#### WORK REQUIRED
A verbatim copy of all the data is required, minus any images.

#### DATA PROVIDED
┄┄┄┄┄┄┄┄┄┄

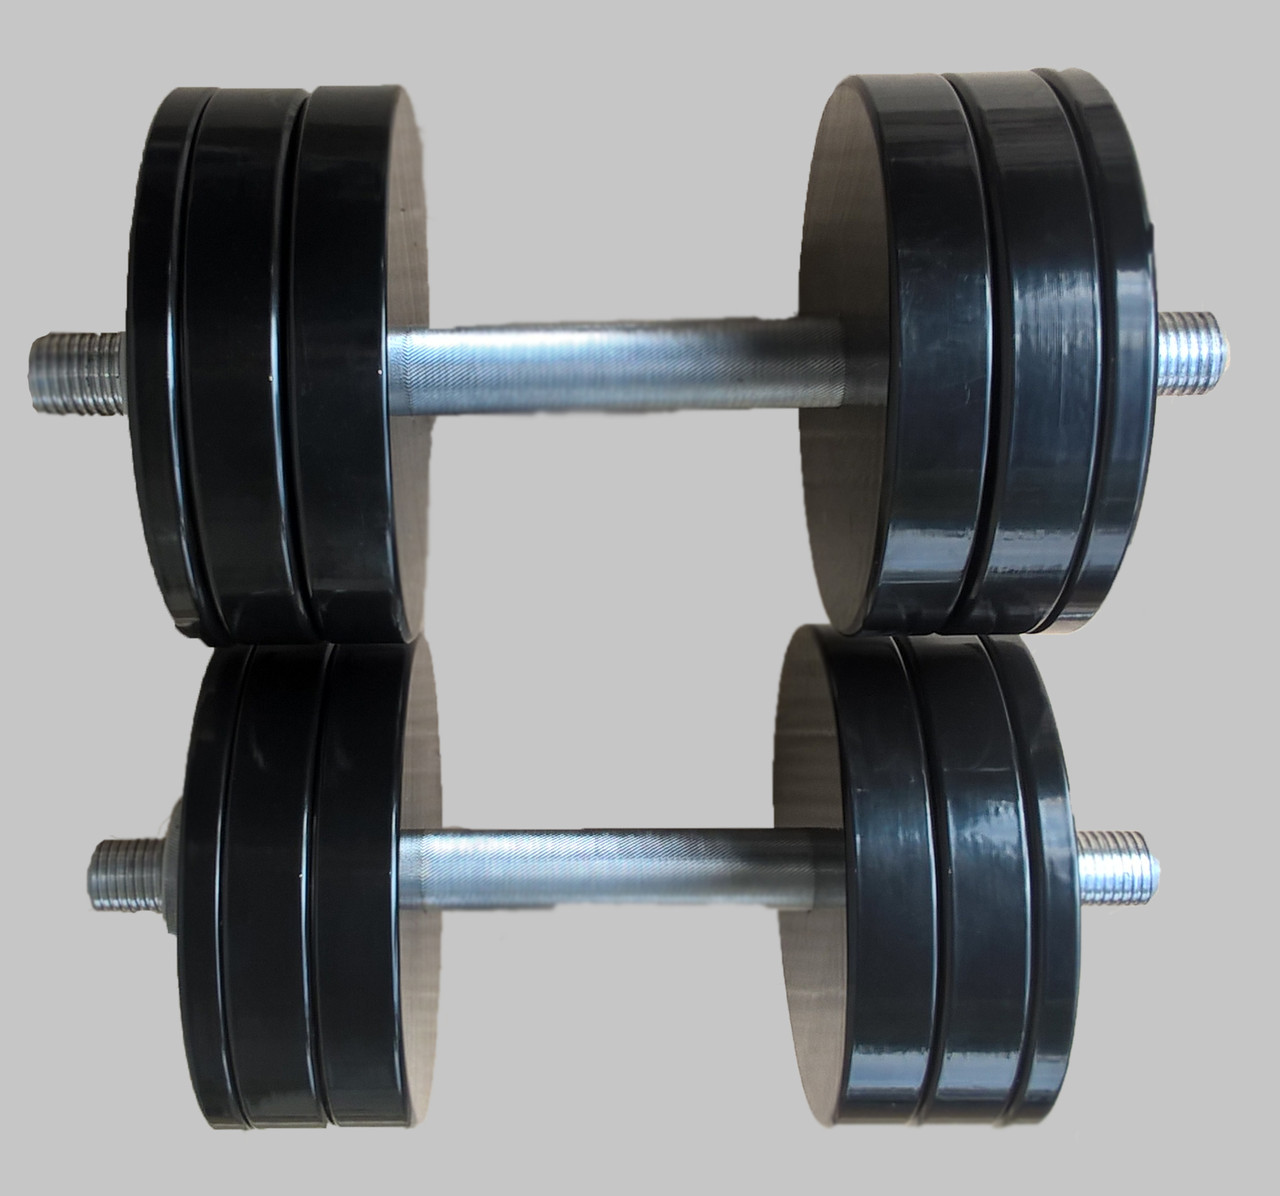 Гантели наборные металлические с покрытием 2*16 кг (Общий вес 32 кг)
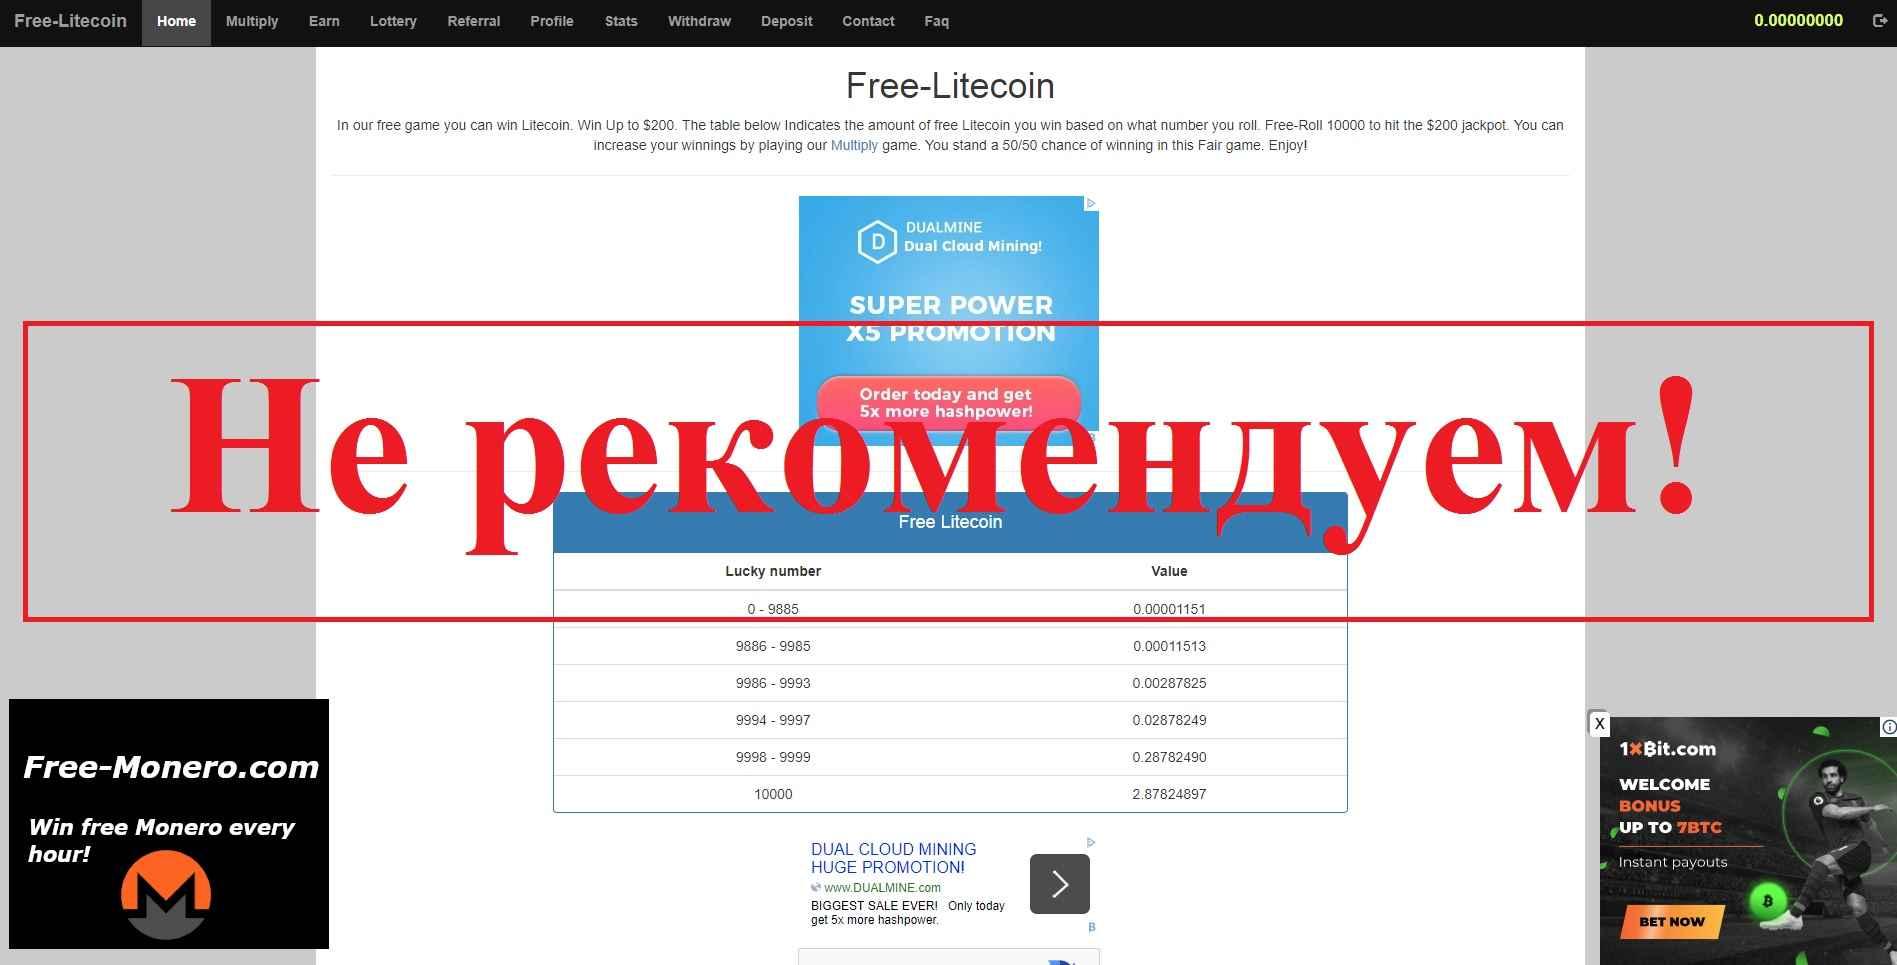 Free-Litecoin.com – честные отзывы. Скам?
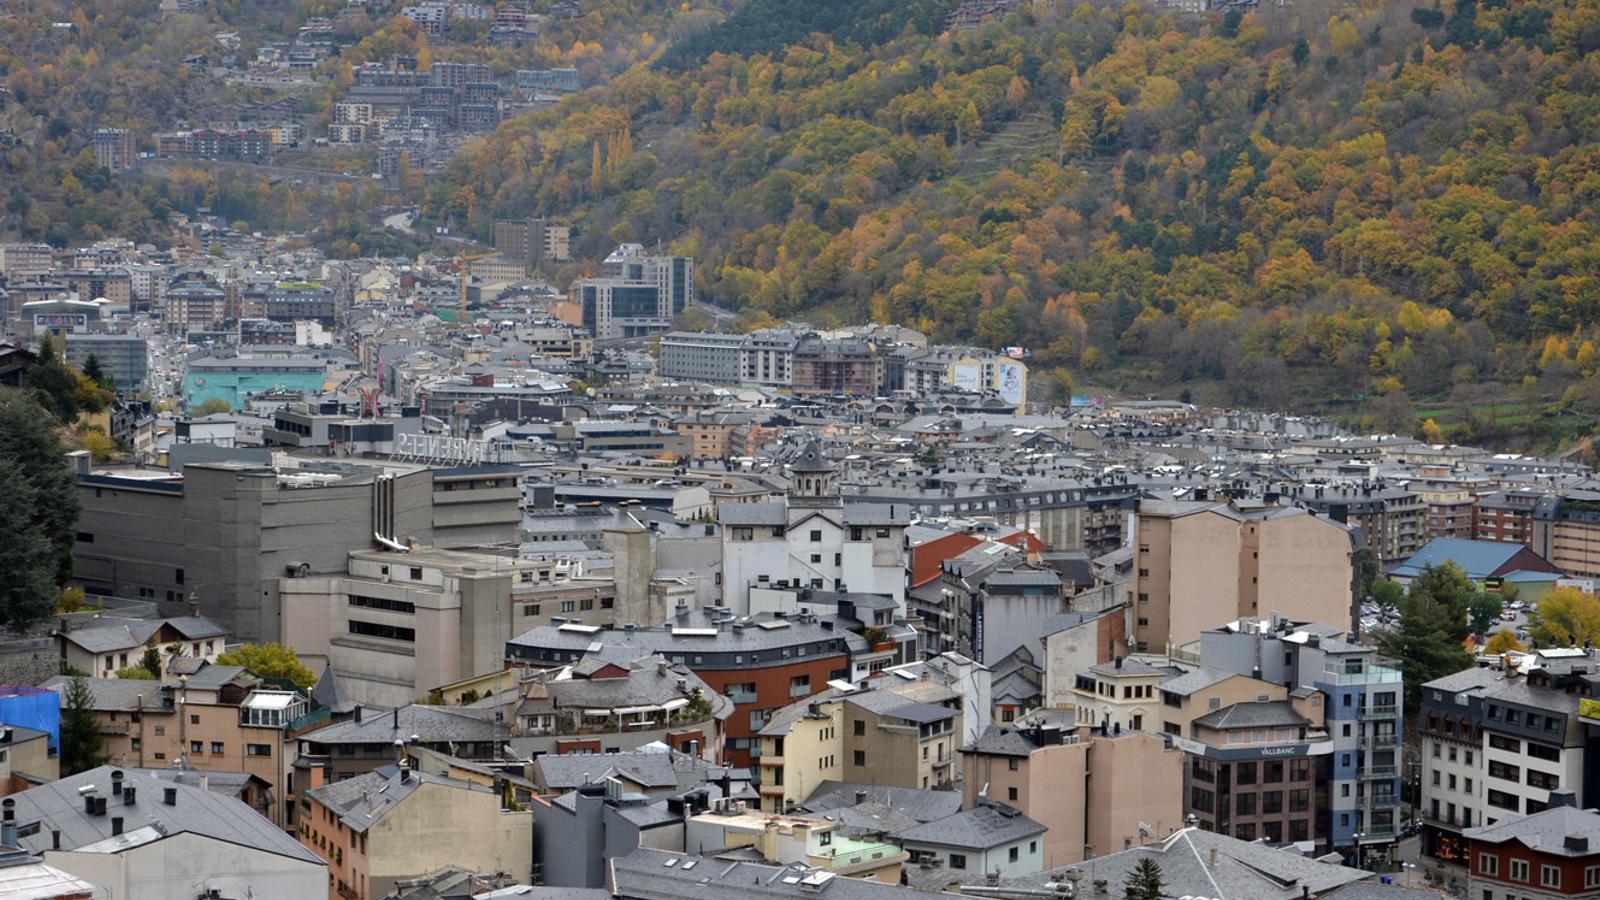 Les parròquies d'Andorra la Vella i Escaldes-Engordany. / ARXIU ANA

┄┄┄┄┄┄┄┄┄┄

#### ANSWER AREA
 Гантели наборные металлические с покрытием 2*16 кг (Общий вес 32 кг)
 Free-Litecoin.com – честные отзывы. Скам?
 Les parròquies d'Andorra la Vella i Escaldes-Engordany. / ARXIU ANA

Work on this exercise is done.